Pressure on GDP, questions around political stability and labour force constraints are all taking their toll on the potential of European cities for real estate investment, according to new data released by LaSalle Investment Management on the first day of Expo Real.
LaSalle’s latest edition of the European Cities Growth Index (ECGI), its annual ranking of projected real estate occupier demand, has seen some 57 cities decline in potential. According to Petra Blazkova, head of research and strategy for core & core-plus capital, Europe at LaSalle Investment Management, the findings are very much a sign of the times.
‘While locations including London, Paris and Munich continue to look strong, we are seeing a big decline for several secondary cities,’ Blazkova told PropertyEU at Expo Real. ‘Nowhere is this better illustrated than in the UK. While London retains first place in the ranking, all the other UK cities have fallen quite sharply, including Bristol, Manchester, Edinburgh, and the UK average.’
Blazkova added: ‘It’s a similar story in Italy where Milan has displayed some gains, while other cities are moving further out.’
While London and Paris predictably took the top two spots once again in the ECGI classification, one of the winners of this year’s ranking is Amsterdam, which has moved up into the top 10 for the first time in 20 years.
‘That move is partly testament to Amsterdam’s reputation for creativity, and also reflects I think the ways it has benefitted from Brexit in the movement of businesses and talent,’ added Blazkova. ‘It has also overtaken several German cities. From a LaSalle point of view, we are also focusing on the Netherlands for several bed-related strategies where we see significant undersupply.’
Looking forward, does Blazkova think that the ranking’s negative trajectory marks a new direction of travel for the foreseeable future? ‘Not necessarily,’ she said. ‘Real estate itself can be the “light at the end of the tunnel” for cities as it is an investment asset class which thinks long term,’ she said.
‘We are all very much aware that the next year is going to be very challenging but real estate never looks at just a 12-month horizon. We do believe that rental growth will return in the next two to three years, so the smart money will be investing now to make the most of that potential.’
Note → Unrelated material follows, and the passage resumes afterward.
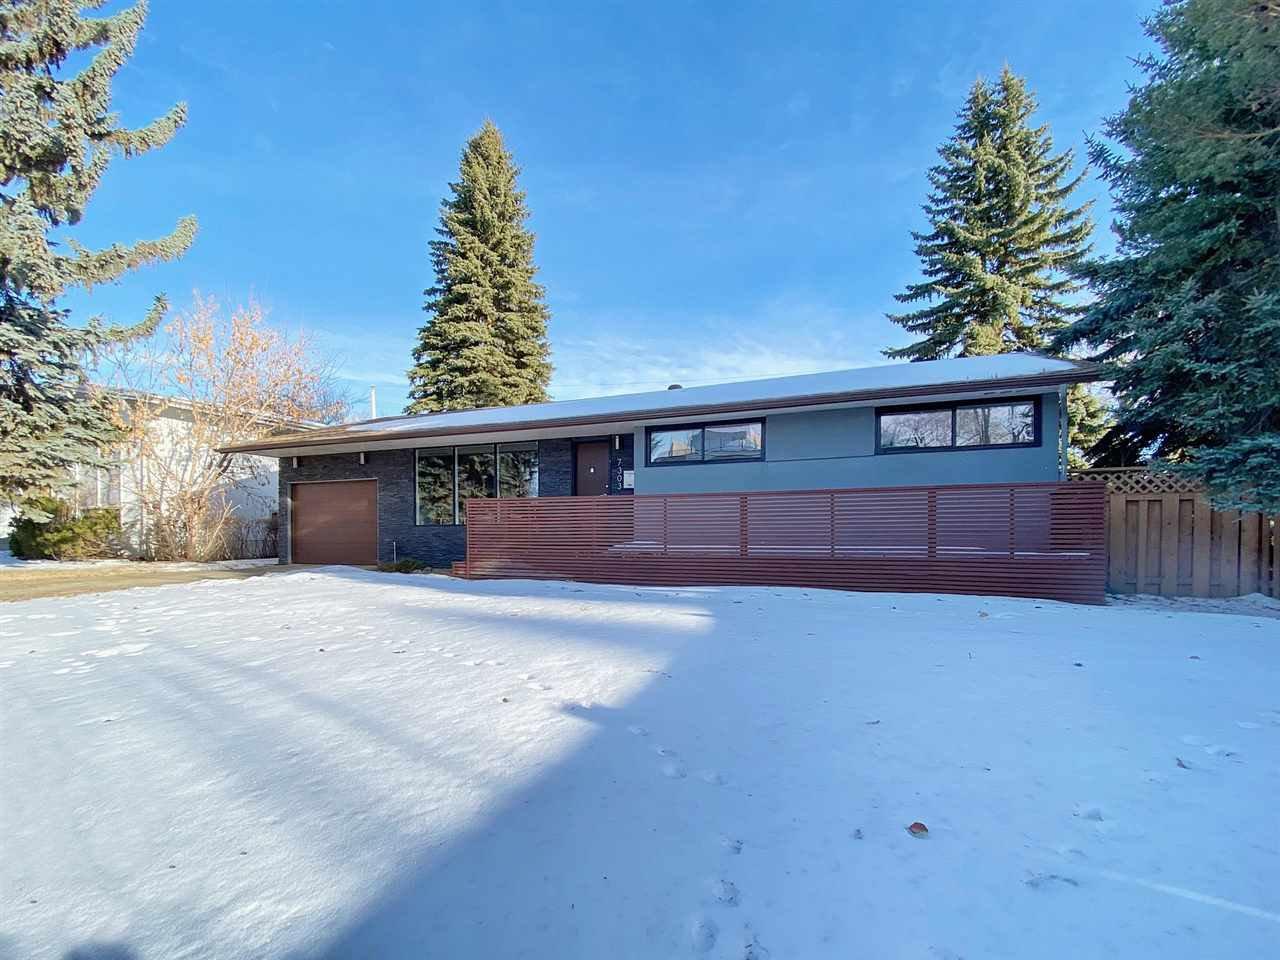 Main Photo: 7303 155 Street in Edmonton: Zone 22 House for sale : MLS®# E4224729

She added: ‘In an environment of more costly lending, our debt strategies are also benefitting as they can grow and compete with the banks, many of whom are slowing their lending activities. Our value-add strategies, too, are continuing to develop new schemes, in the markets where we see potential. While construction has faced challenges in recent times, our development strategies are protected by our underwriting as we have been careful to place buffers around project costs and build strong partnerships with development firms.’